The word to find is "with". Copy each line of the material that contains it.
################
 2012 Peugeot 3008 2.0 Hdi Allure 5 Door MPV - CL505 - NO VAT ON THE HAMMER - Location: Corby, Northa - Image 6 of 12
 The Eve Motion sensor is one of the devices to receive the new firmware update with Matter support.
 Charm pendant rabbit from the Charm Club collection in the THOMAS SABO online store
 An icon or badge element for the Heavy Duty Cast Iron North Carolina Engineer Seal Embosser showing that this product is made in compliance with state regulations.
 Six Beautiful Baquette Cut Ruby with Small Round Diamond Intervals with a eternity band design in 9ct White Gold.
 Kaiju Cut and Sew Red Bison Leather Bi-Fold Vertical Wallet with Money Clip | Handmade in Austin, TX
################
EXERCISE RESULT:
 The Eve Motion sensor is one of the devices to receive the new firmware update with Matter support.
 An icon or badge element for the Heavy Duty Cast Iron North Carolina Engineer Seal Embosser showing that this product is made in compliance with state regulations.
 Six Beautiful Baquette Cut Ruby with Small Round Diamond Intervals with a eternity band design in 9ct White Gold.
 Kaiju Cut and Sew Red Bison Leather Bi-Fold Vertical Wallet with Money Clip | Handmade in Austin, TX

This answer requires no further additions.